Multimodal Event Processing: A Neural-Symbolic Paradigm for the Internet of Multimedia Things
暂无分享,去创建一个
With the Internet of Multimedia Things (IoMT) becoming a reality, new approaches are needed to process real-time multimodal event streams. Existing approaches to event processing have limited consideration for the challenges of multimodal events, including the need for complex content extraction, and increased computational and memory costs. This article explores event processing as a basis for processing real-time IoMT data. This article introduces the multimodal event processing (MEP) paradigm, which provides a formal basis for native approaches to neural multimodal content analysis (i.e., computer vision, linguistics, and audio) with symbolic event processing rules to support real-time queries over multimodal data streams using the multimodal event processing language to express single, primitive multimodal, and complex multimodal event patterns.
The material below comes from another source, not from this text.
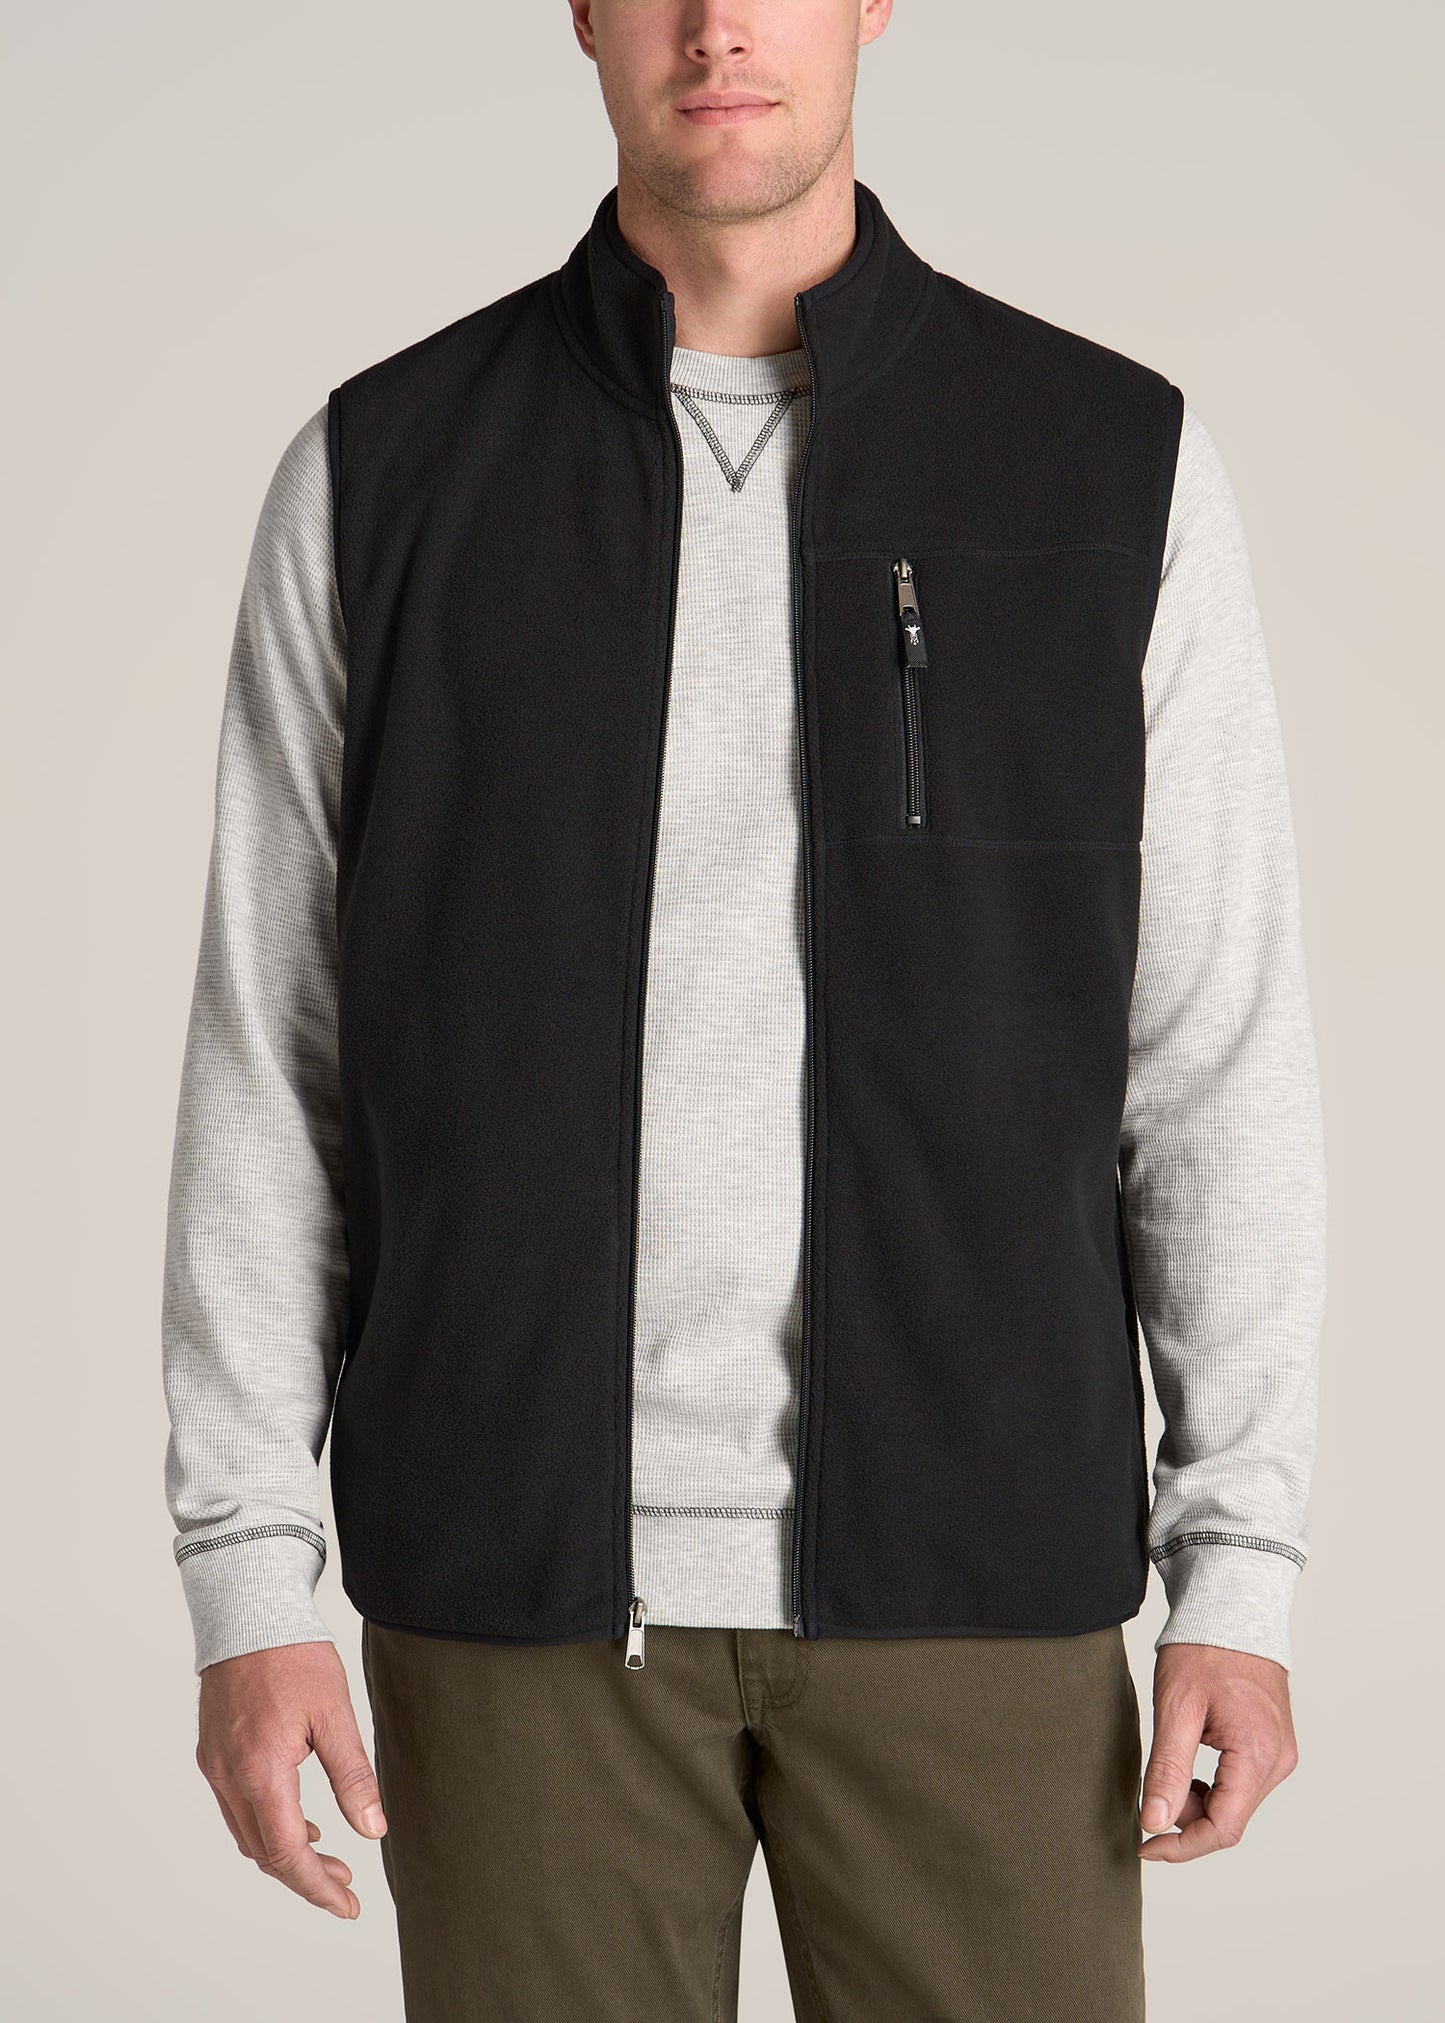 American-Tall-Men-Polar-Fleece-Sweater-Full-Zip-Vest-Black-front
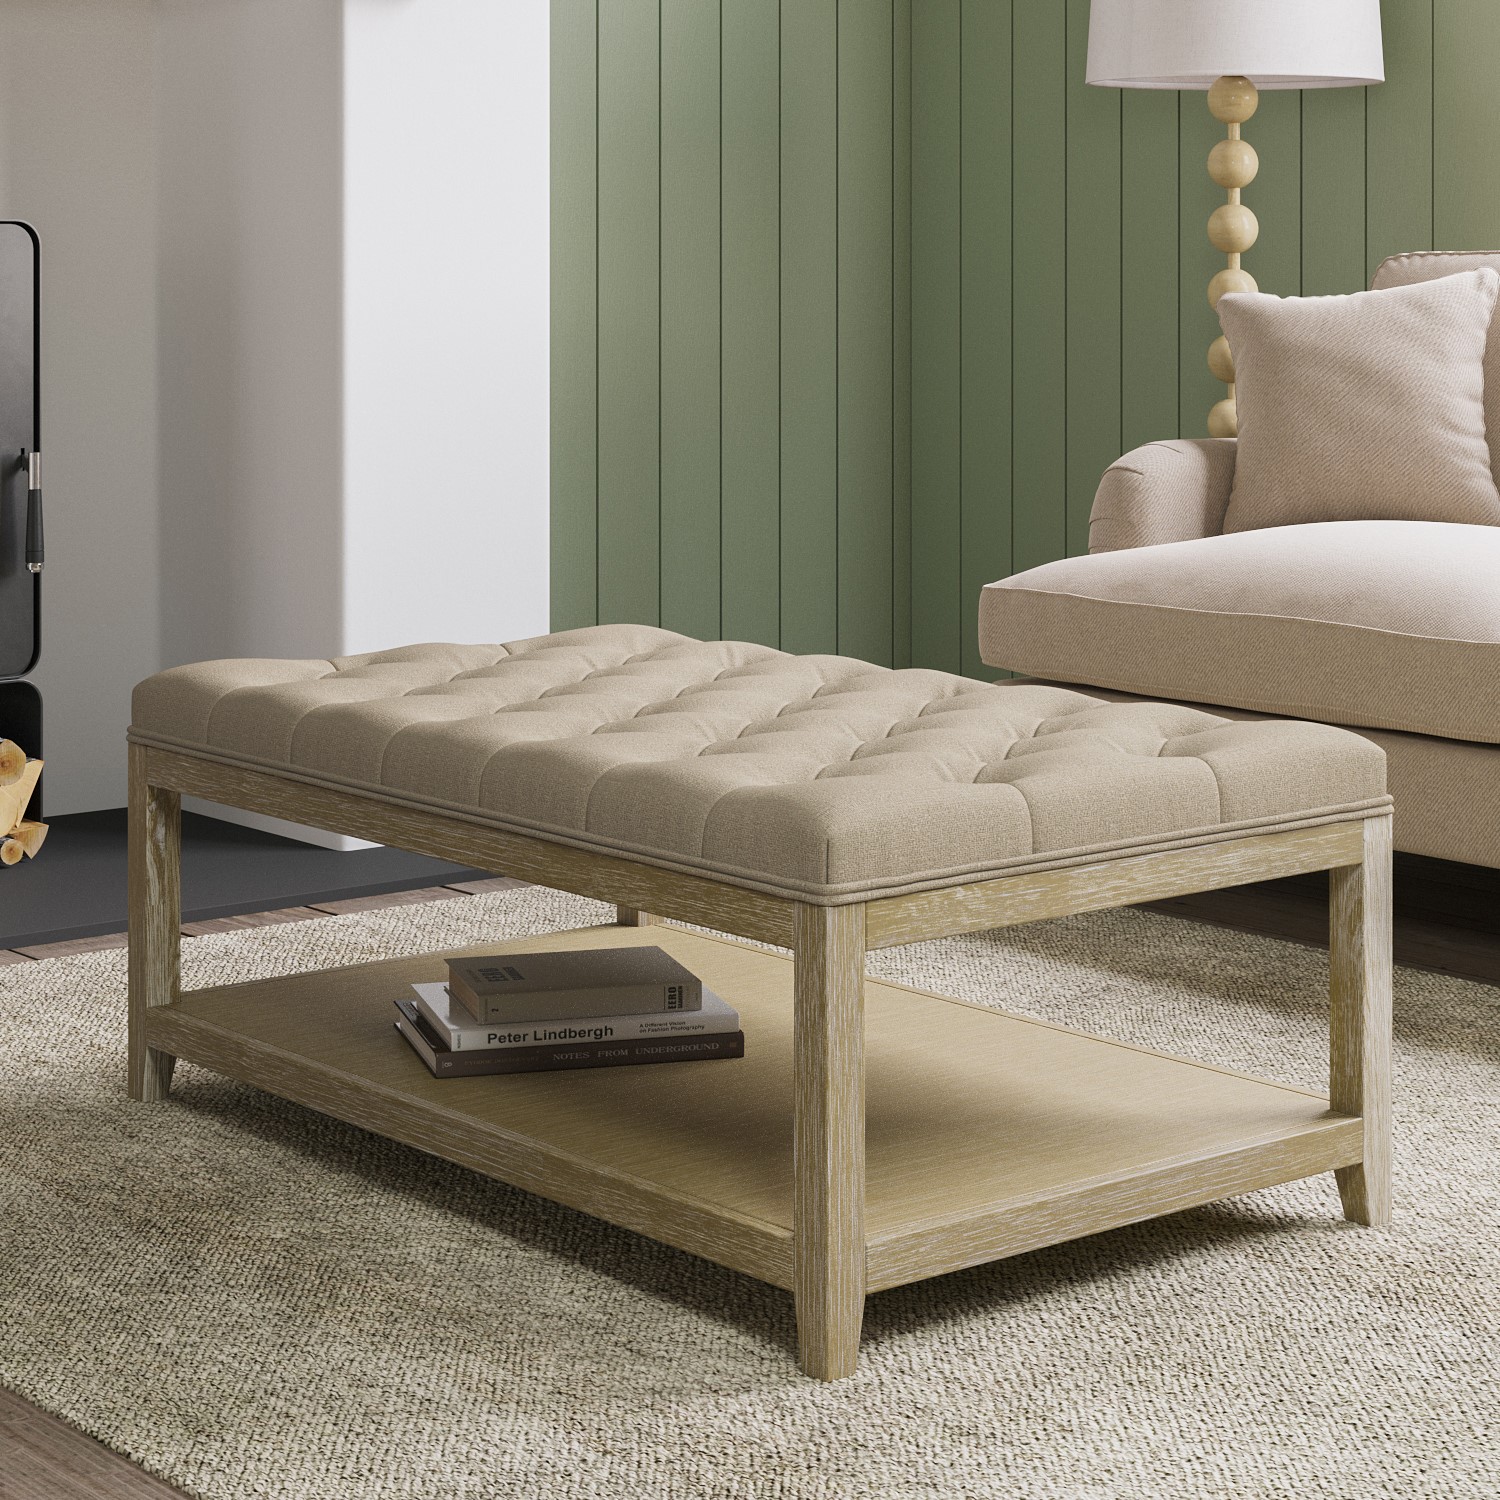 Photo of Rectangular beige linen upholstered coffee table footstool - lillian

The content of multimodal streams is represented using multimodal event knowledge graphs to capture the semantic, spatial, and temporal content of the multimodal streams. The approach is implemented and evaluated within a MEP engine using single and multimodal queries achieving near real-time performance with a throughput of ~30 frames processed per second (fps) and subsecond latency of 0.075–0.30 s for video streams of 30 fps input rate. Support for high input stream rates (45 fps) is achieved through content-aware load-shedding techniques with a ~127X latency improvement resulting in only a minor decrease in accuracy.